Four methods of selecting, cutting, cutting and storing hard branches
(1) Selecting and cutting cuttings Select branches of the same year (two-year-old branches can also be used if the source is scarce) or sprouting branches of a relatively young mother plant. The branches should be strong, free of pests and diseases, close to the main trunk, and lignified. Cutting cuttings should be taken when the tree stops growing or begins to shed its leaves. After cutting, cut the branches immediately into cuttings and then store them. You can also store them first and then cut the cuttings before cutting.
(2) Storage of branches Since cuttings are mostly taken in spring, branches need to be stored for a period of time after being cut. The most common storage method is to bury the cuttings in the open field. Choose a dry, well-drained, leeward and sunny place to dig a ditch, bundle the branches into bundles, bury them in the ditch, and cover them with wet sand and soil. If there are too many branches, you can put some grass bundles in the middle to facilitate ventilation. In the northern region, there are underground kilns for storage. It is safer to bury the branches in wet sand and stack them in 2 to 3 layers. Whether it is stored in the open field or indoors, it is necessary to check for mildew frequently to avoid affecting the survival rate. In the southern region, the method of cutting into cuttings first and then storing them is often used. This gives the cuttings enough time to heal the cut, promotes the transformation of rooting substances, and can facilitate storage and save land. The storage methods are roughly the same. For example, the cut cuttings need to be bundled according to a certain number (usually 50 to 100 branches per bundle), and the cuttings are placed vertically at the bottom of the ditch for better results.
(3) Cuttings The commonly used cutting method is to select the strong part of the middle section of the branch and cut branches about 10 to 20 cm long. Each cutting should retain 2 to 3 full buds, and the spacing should not be too long. The tip of the branch is generally not used. The cutting cut should be smooth, with the upper end about 0.5 to 1 cm above the bud and the lower end close to the bottom of the bud. The lower end of the cut is generally horizontal to ensure uniform rooting, but some tree species with slow rooting can also be cut into an inclined surface to expand the contact surface with the soil.
The upper end of the cut is generally inclined, with the bud side higher and the back bud side lower to avoid water accumulation after cutting. Thinner cuttings can also be cut into a flat surface.

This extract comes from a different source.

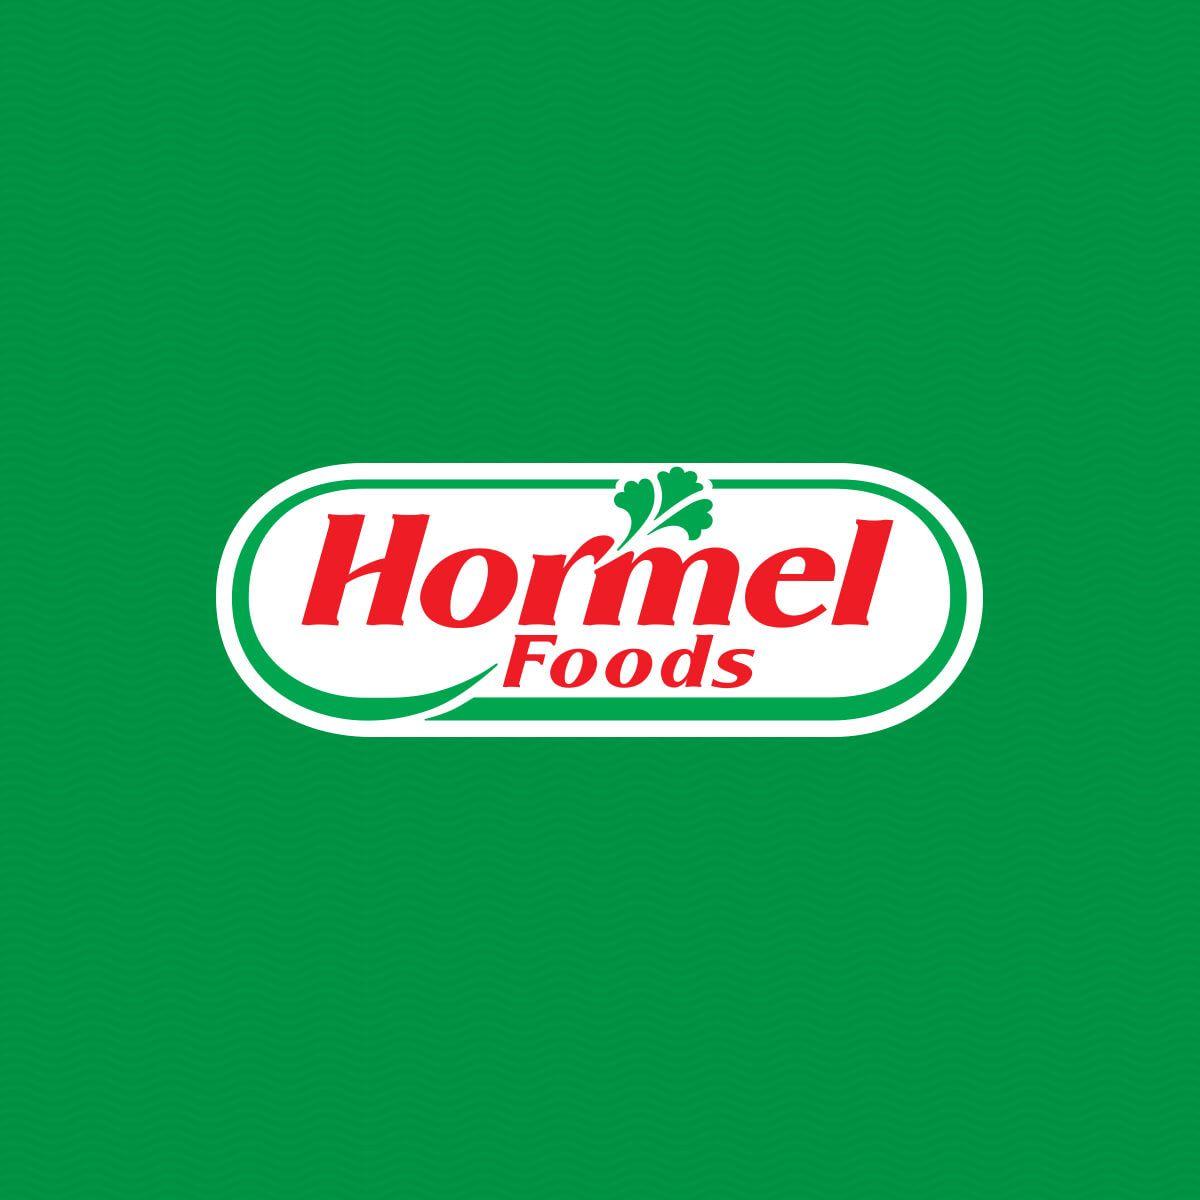 American Food Company Logo - Hormel Foods

(4) Cutting method When cutting, it can be straight or oblique, but the inclination should not be too large. The depth of the cutting into the soil is about 1/2 to 2/3 of its length. In arid areas and sandy soils, it can be appropriately deeper. Be careful not to damage the bud eye, do not shake it left and right when inserting it into the soil, and compact the surrounding soil with your hands. Due to the different characteristics of tree species and applications, many different methods of hard branch cuttings have been created in various places:
Long branch cuttings (long trunk cuttings): For some tree species that are easy to root, the cut branches can be inserted into the soil. This method can produce large seedlings in a short period of time and can also be directly inserted into green land to avoid transplanting procedures.
Cutting: For some tree species that are difficult to root, the lower end of the cuttings can be split and stones and other objects can be sandwiched in the middle to stimulate rooting.
Heel-shaped cuttings: A part of the old branch is attached to the lower end of the cutting, shaped like a heel, so it is called heel-shaped cuttings. In this way, the nutrients in the lower part are concentrated, making it easy to root, but each branch can only make one cutting, and the utilization rate is low.
Selection and cutting of soft branch cuttings
(1) Selection and cutting of cuttings Cuttings for soft branch cuttings should also be cut from young mother trees as much as possible, and strong, disease-free, pest-free, semi-lignified young branches of the current year should be selected. The best time to cut is at the end of the first growth period. Each cutting retains 3 to 4 buds. If the branches of the current year are short and can only be cut into one cutting, a part of the biennial tissue can be retained at the base to facilitate rooting. After the branches are cut, they should be kept fresh and cut into cuttings indoors. The cut should be made below the node as much as possible, and 1 to 2 leaves should be retained. For tree species with larger leaves, some leaves can be cut off, and tender shoots are generally removed to reduce evaporation. After the cuttings are cut, they should be propagated as soon as possible. If they cannot be propagated immediately, the lower end should be buried in wet sand indoors and watered frequently to keep them fresh. For soft-branch cuttings of evergreen coniferous tree species, it is generally sufficient to cut the lower cut flat, and there is no need to remove the leaves. However, if it is difficult to propagate into the soil, some of the lower branches and leaves can be appropriately removed.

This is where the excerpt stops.